Some examples of thoughtful questions to drive conversation within the stay interview include:

 

    What is it that excites you about your role? Why? Do you see opportunities to build more of these areas of excitement or fulfillment into your day? 

    • As a leader, you truly want to understand what motivates the individual and, to use my son’s preschool teacher’s terminology, to understand what “fills each person’s bucket.” The ultimate goal for both parties is mutual gratification and engagement.

     

    Who do you particularly enjoy working with? Why? How can we find more opportunities for you to partner?

    • This could be an internal team member, a partner, or a customer but, again, we are looking for opportunities to drive fulfillment while also benefitting the company. Generally, if someone enjoys who they are interacting with, they will take more care with that person and drive mutual satisfaction.

     

    What roadblocks do you experience that cause frustration? What do you think is the source of the roadblock or frustration?

    • Listen carefully, as this could be a process, a software, or an individual. Further, ask your teammate if they have ideas for removing those roadblocks. This allows an opportunity for the individual to have buy-in and create longer term solutions that drive stickiness to the organization.

     

    What is it that keeps you here? If you were to make a change, what factors would drive your decision making?

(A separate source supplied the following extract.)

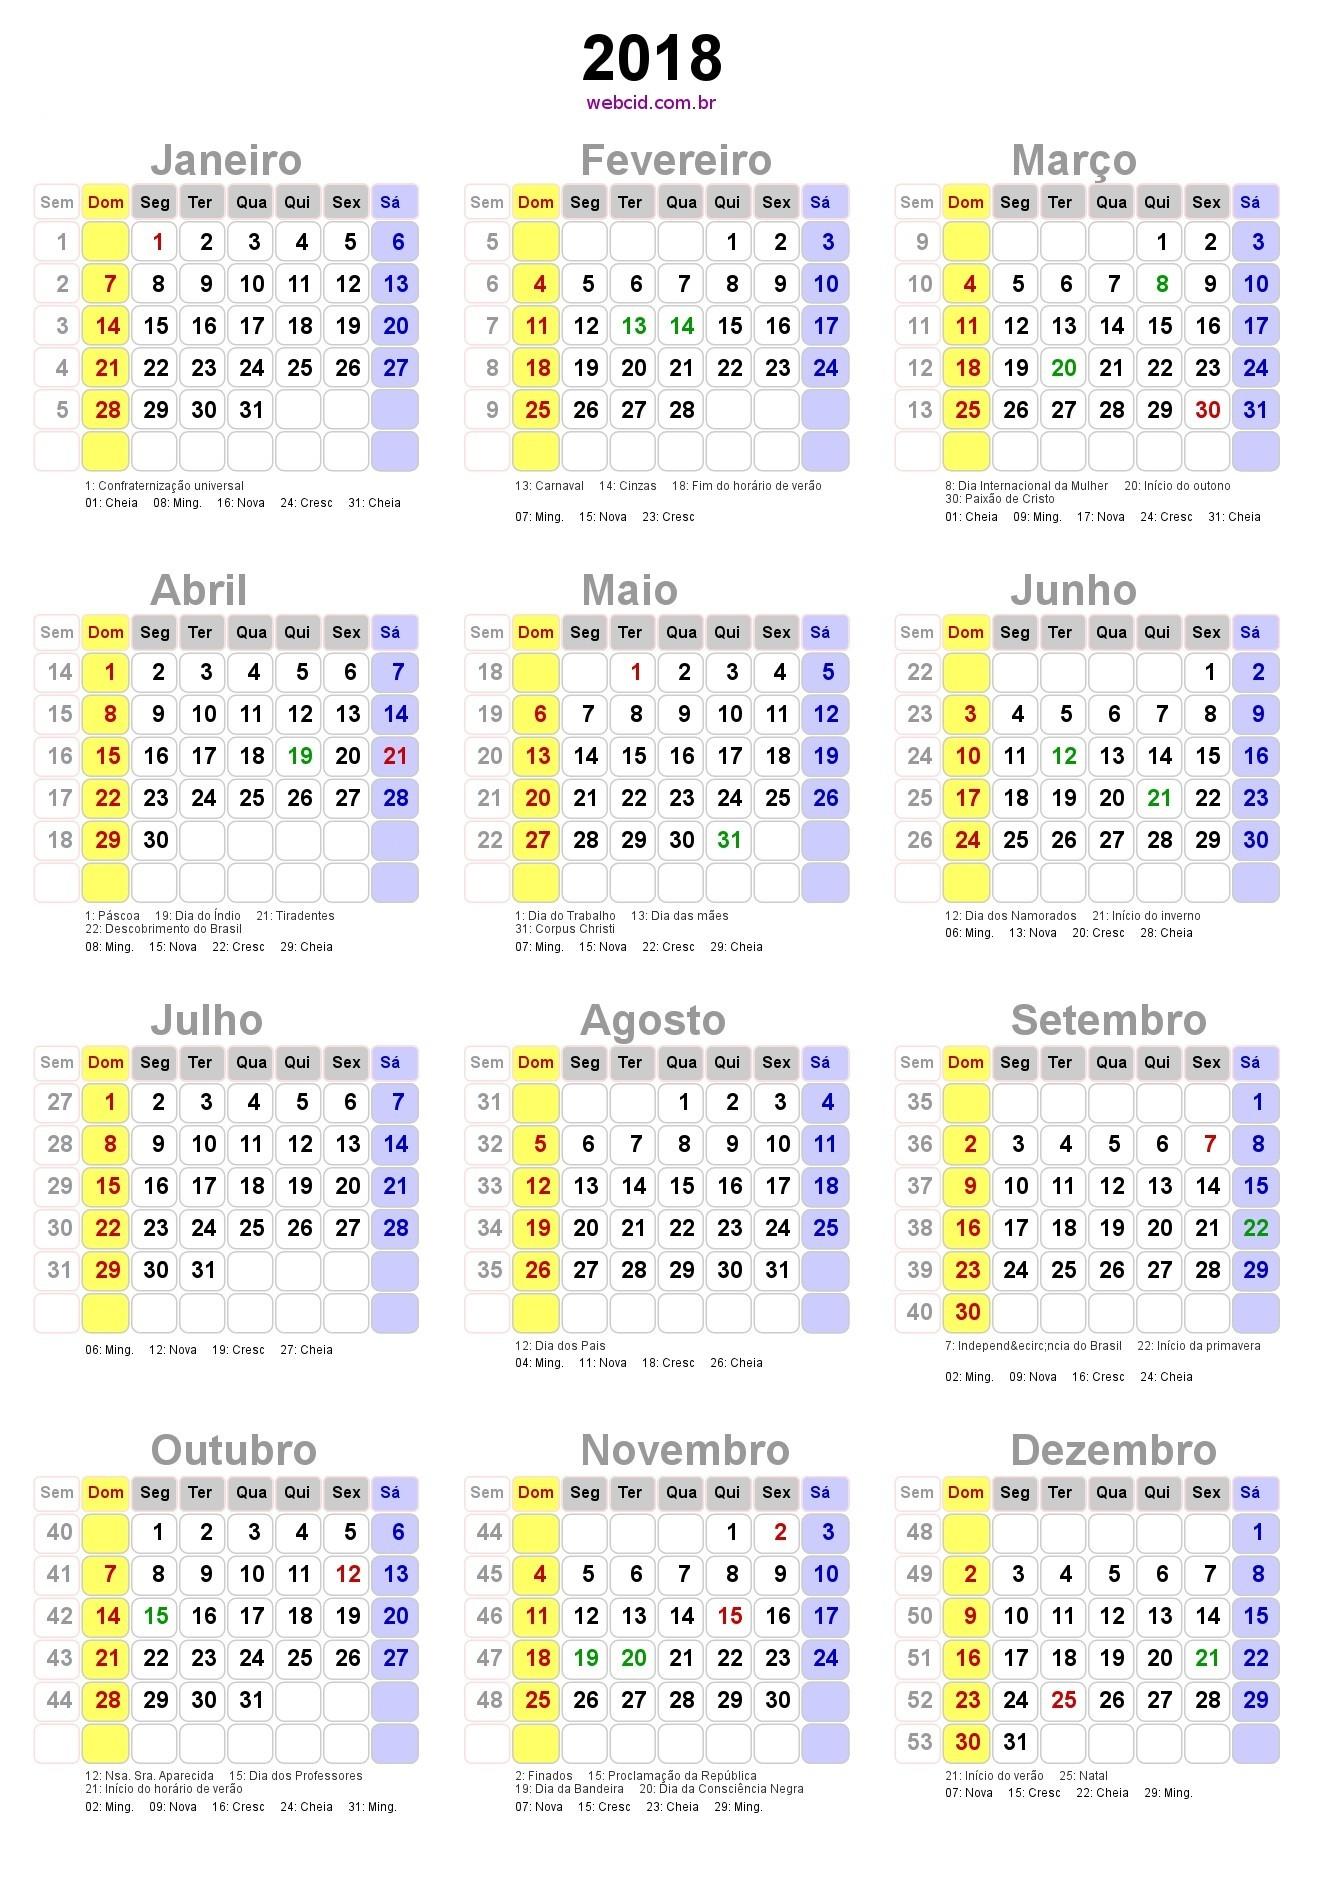 Calendario 2017 Com Lua E Feriados Para Imprimir Más Caliente Evaluar Calendario 2019 Con Sus Feriados Of Calendario 2017 Com Lua E Feriados Para Imprimir Más Populares atividades Diarias Realidade Suspensa organiza§£o Pinterest

Why?

    • The answers to these two questions are vitally important because they allow you to better understand what is working, and what is not working within the organization. This could be culture, teammates, leadership, engagement, work life balance, benefits, or remote versus onsite work – but the answers to these questions highlight areas for you, or the organization, to either continue valuing or focus on improving.

     

    As you think about your career over the long term, ultimately where do you see yourself?

    • As a leader, it is incumbent upon you to listen carefully and understand how you can create opportunities for your team member to get the experience needed to build toward this goal. It may happen with your company, or it may happen with another, but it is more likely to happen with you if your team member sees that you are making an investment in their growth and future development. At the same time, as a leader, it is your responsibility to have honest conversation with your teammate if this goal is not realistic. For instance, in the case of an introvert wanting to pursue a career in sales. Although this specific case is unlikely, the point remains. The Stay Interview is about honest and open discourse.

Long term, stay interviews allow you to connect with your team in a deeper more meaningful way. They allow you to engage in conversations that will build trust, rapport, and allow mutual vulnerability. If you are engaging in these conversations with your most loyal members, you are creating an environment of openness and accountability. Moreover, by engaging in this level of honest discourse, these teammates will be your biggest cheerleaders as you seek to attract and bring on new talent.